• THE DATA
□ □ □ □ □

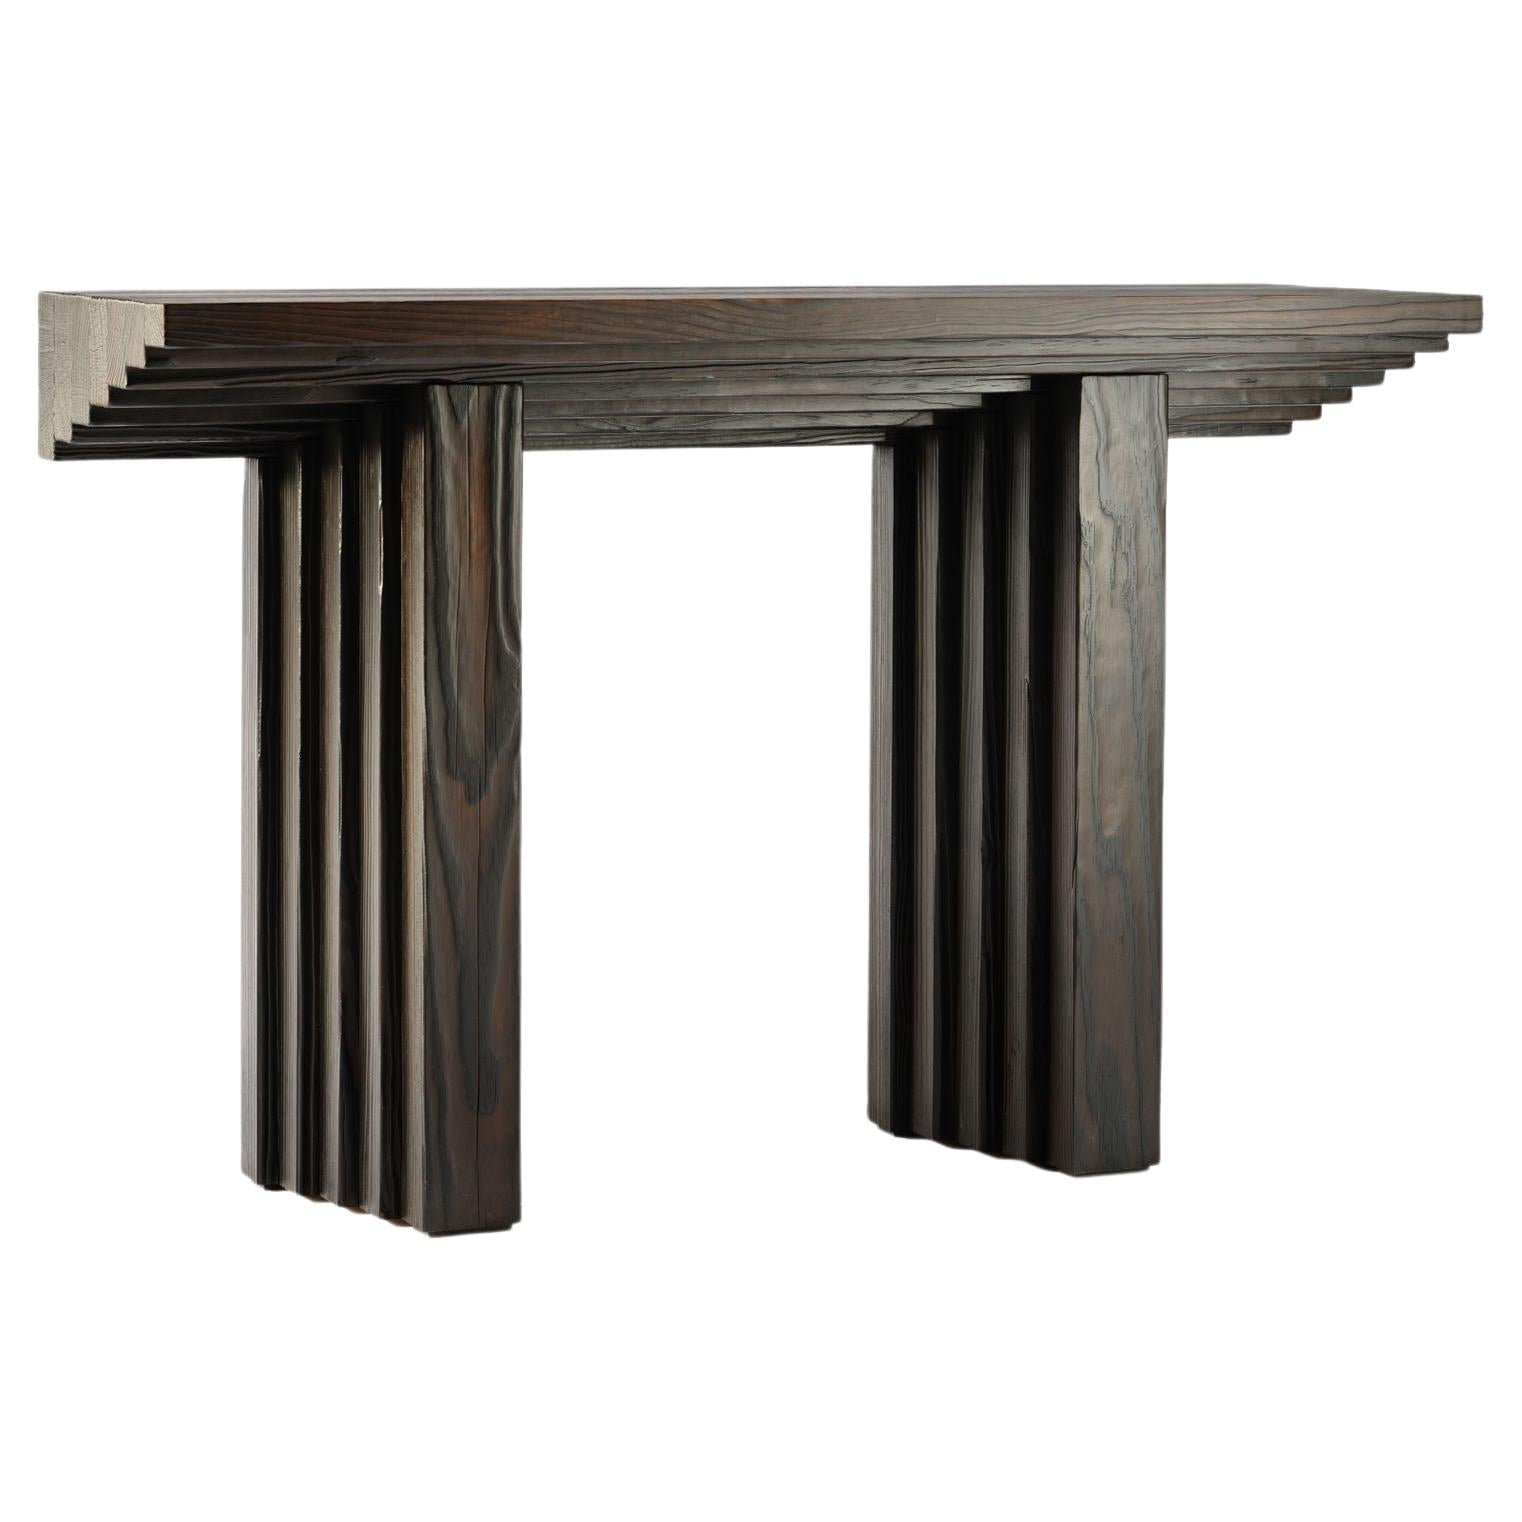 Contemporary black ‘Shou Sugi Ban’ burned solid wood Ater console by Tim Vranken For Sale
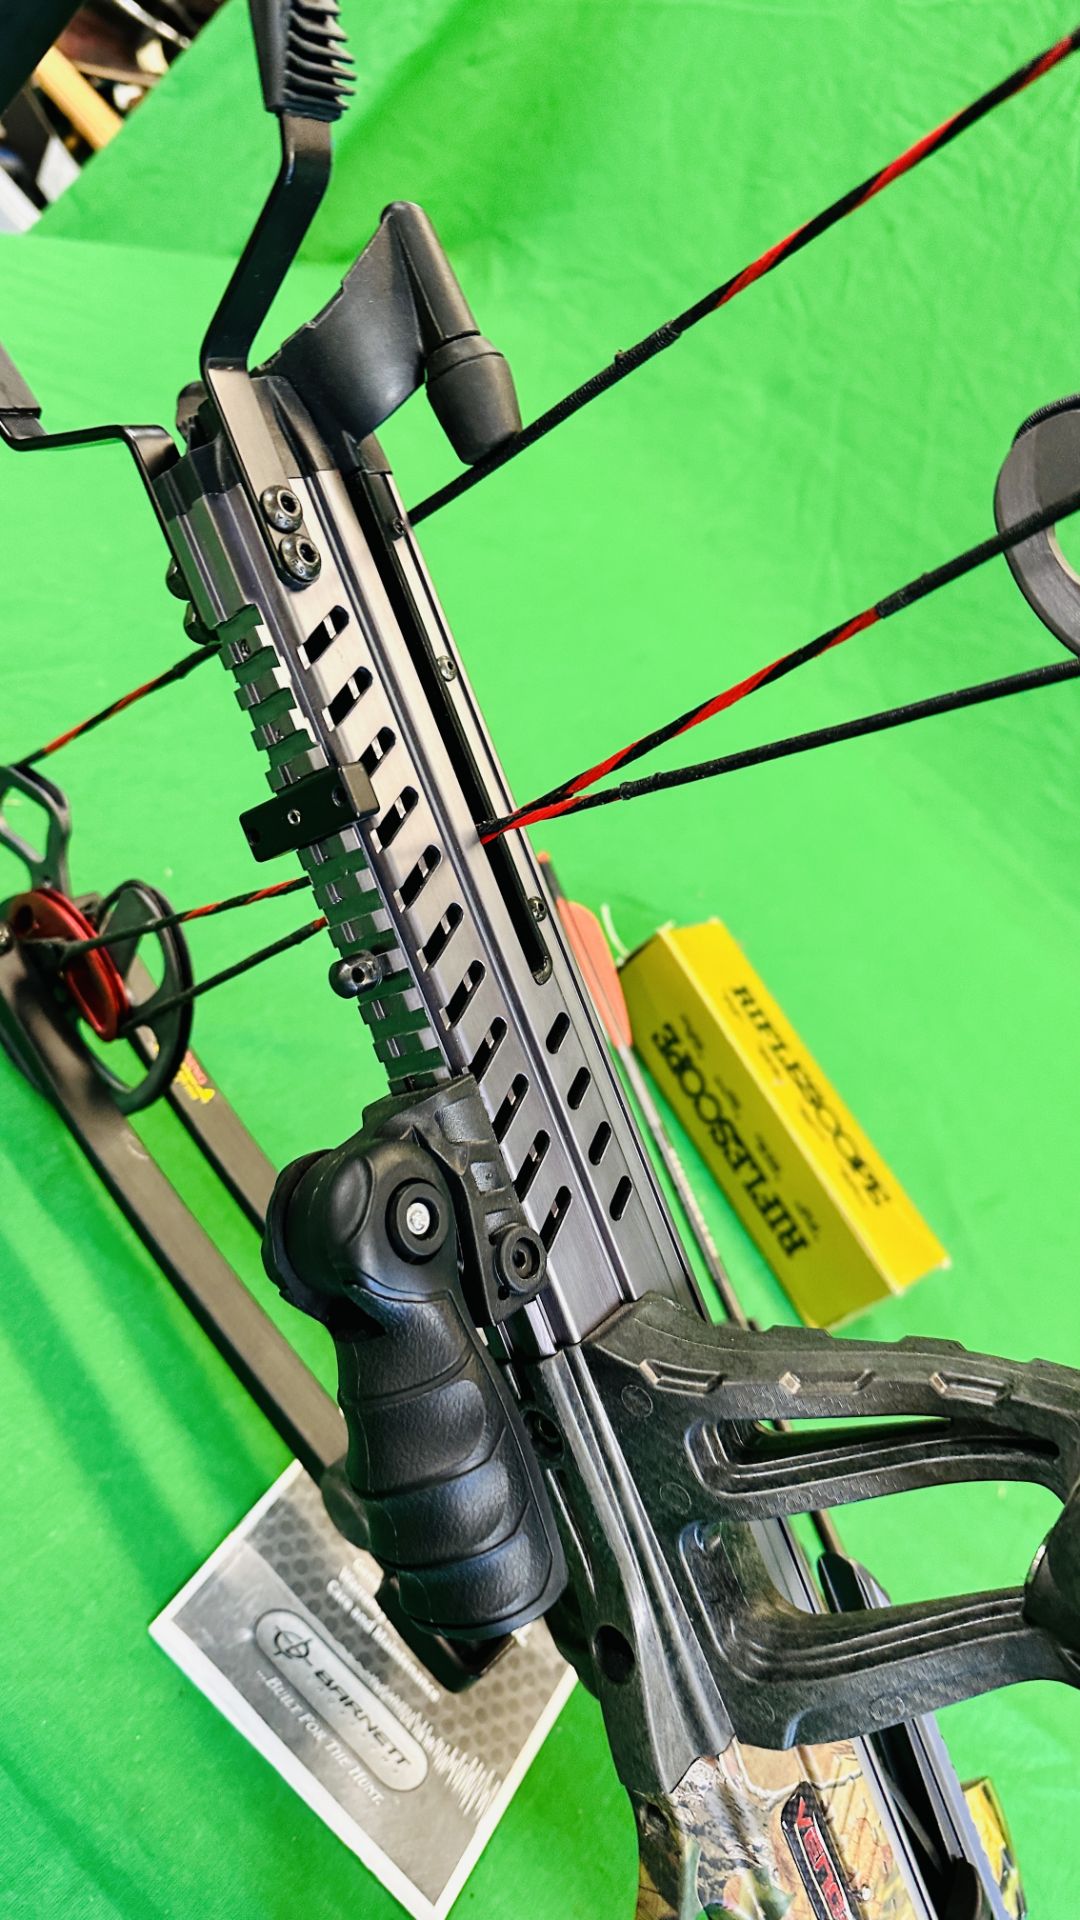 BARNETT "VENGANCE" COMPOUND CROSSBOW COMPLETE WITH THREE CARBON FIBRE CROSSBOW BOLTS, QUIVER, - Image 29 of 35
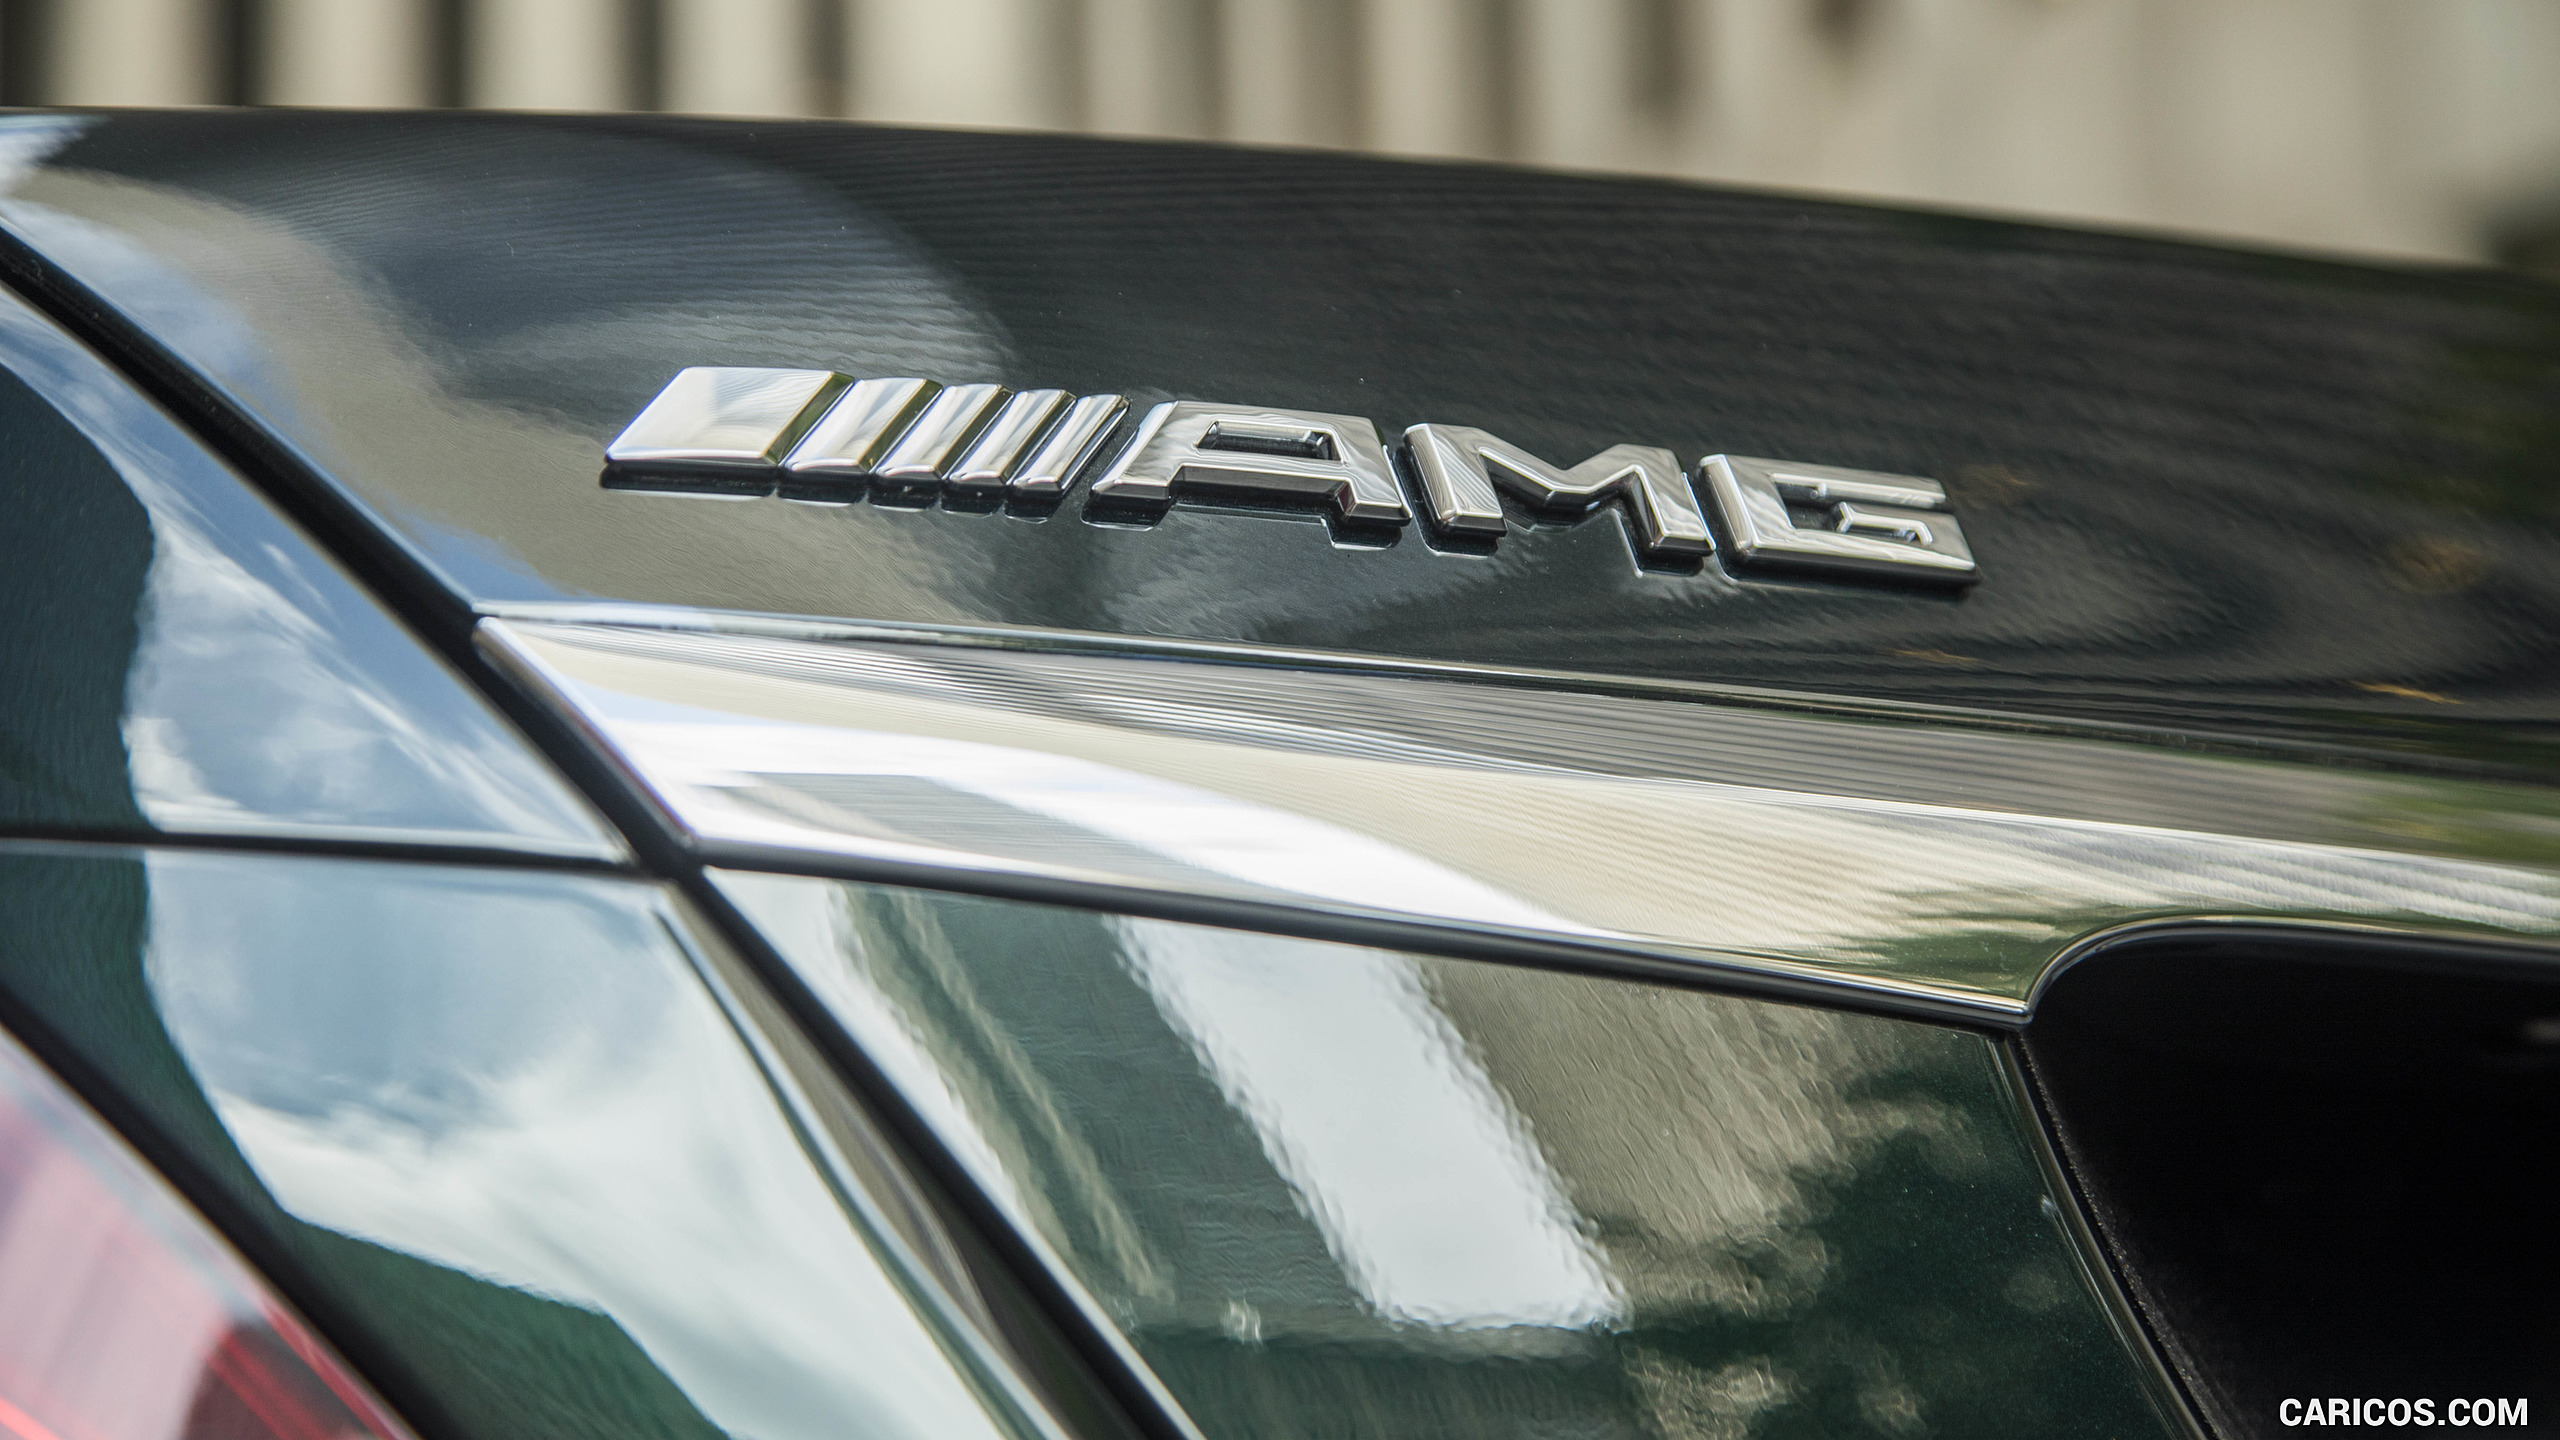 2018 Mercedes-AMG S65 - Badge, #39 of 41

□ □ □ □ □

• WORK TO BE COMPLETED
Reproduce every line above word for word; no images.

• RESPONSE AREA
 Contemporary black ‘Shou Sugi Ban’ burned solid wood Ater console by Tim Vranken For Sale
 BARNETT "VENGANCE" COMPOUND CROSSBOW COMPLETE WITH THREE CARBON FIBRE CROSSBOW BOLTS, QUIVER, - Image 29 of 35
 2018 Mercedes-AMG S65 - Badge, #39 of 41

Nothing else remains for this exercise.